Forum Moderators: Robert Charlton & goodroi

Message Too Old, No Replies

How far down a page Gbot crawls?

         

tigger

11:43 am on Apr 8, 2011 (gmt 0)

WebmasterWorld Senior Member 10+ Year Member



Is there a limit to page size either words or size (kb)- I presume the PR doesn't make any difference other than how often it gets crawled

Its just I'm adding some content onto the bottom of pages and I want to make sure this content is seen

Cheers

Pjman

12:12 pm on Apr 8, 2011 (gmt 0)

10+ Year Member Top Contributors Of The Month



I have seen no clear explanation of this anywhere.

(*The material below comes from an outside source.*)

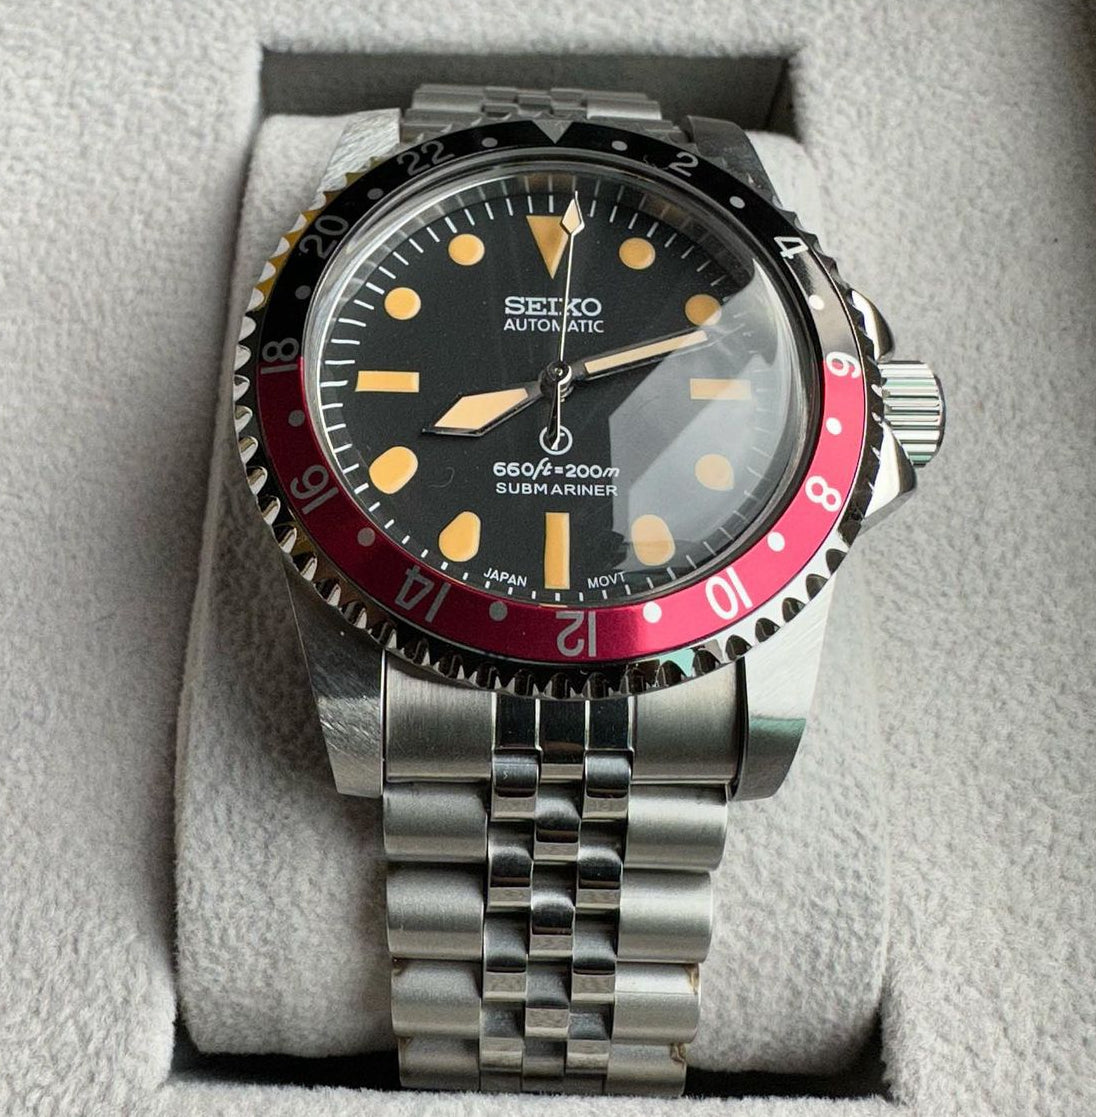 Vintage Seiko coke submariner automatic watch 40mm

In the age of spyware and malware, you would have to think that g bot crawls the entire page for any page it intends to return as a result, always.

incrediBILL

12:18 pm on Apr 8, 2011 (gmt 0)

WebmasterWorld Senior Member 10+ Year Member Top Contributors Of The Month



I don't think Google has much in terms of limits these days, nothing like back in the beginning if there are any.

tigger

12:58 pm on Apr 8, 2011 (gmt 0)

WebmasterWorld Senior Member 10+ Year Member



I have seen no clear explanation of this anywhere.


Cheers Pjman - I've been hunting also and can't find any guidelines on this

I don't think Google has much in terms of limits these days, nothing like back in the beginning if there are any.


Thanks Bill ....looks like we are all in the dark on this and all we can is "assume" Gbot fully crawls a page

Leosghost

1:49 pm on Apr 8, 2011 (gmt 0)

WebmasterWorld Senior Member 10+ Year Member Top Contributors Of The Month



It used to be said to be about the first 100 kb "back in the day"..But I've seen pages crawled that were near 10 megs ..and results returned from things right at the bottom end of the 10 megs ..so nowadays who knows out side of the plex ?

Planet13

2:47 pm on Apr 8, 2011 (gmt 0)

WebmasterWorld Senior Member 10+ Year Member Top Contributors Of The Month



I have absolutely no proof whatsoever, but I thought that gbot would crawl all the data of each page it does crawl.

The only thing being that if your pages had low PR, then they wouldn't get crawled that often. Conversely, if the page had higher PR, then it would get crawled more frequently.

anywyay, that is what I have always heard.

tigger

4:45 pm on Apr 8, 2011 (gmt 0)

WebmasterWorld Senior Member 10+ Year Member



thanks for your feed back guys

aristotle

6:24 pm on Apr 8, 2011 (gmt 0)

WebmasterWorld Senior Member 10+ Year Member Top Contributors Of The Month



The very bottom of the page is where black hats sometimes put hidden text and hidden links. So to make sure that a page is clean, Google needs to crawl all of it.

engine

7:33 pm on Apr 8, 2011 (gmt 0)

WebmasterWorld Administrator 10+ Year Member Top Contributors Of The Month



Why don't you find a big (long) page in google's serps and see how much of it you can find by searching for those terms down the page?
Do that with more a test sample of, say, ten pages on different sites and it should give you a good idea.
Try and pick pages that appear to be a 3-6 months or more old.
Otherwise, create those pages yourself and see what gets indexed.

HTH

TheMadScientist

7:38 pm on Apr 8, 2011 (gmt 0)

WebmasterWorld Senior Member 10+ Year Member Top Contributors Of The Month



If your goal is to organize the world's information, why would you NOT grab the whole page? What advantage would you gain? How would you know what information you are missing?

It makes no sense to me for them to stop early...
They can't organize what they do not have.

g1smd

7:43 pm on Apr 8, 2011 (gmt 0)

WebmasterWorld Senior Member 10+ Year Member Top Contributors Of The Month



Many years ago Google indexed only the first 100 kb from each page and they also showed the filesize in green text in the SERPs.

Just before they stopped showing the filesize in the SERPs, they were reporting file sizes way in excess of 100 kb, almost up to 1 Mb - and indexing the whole page.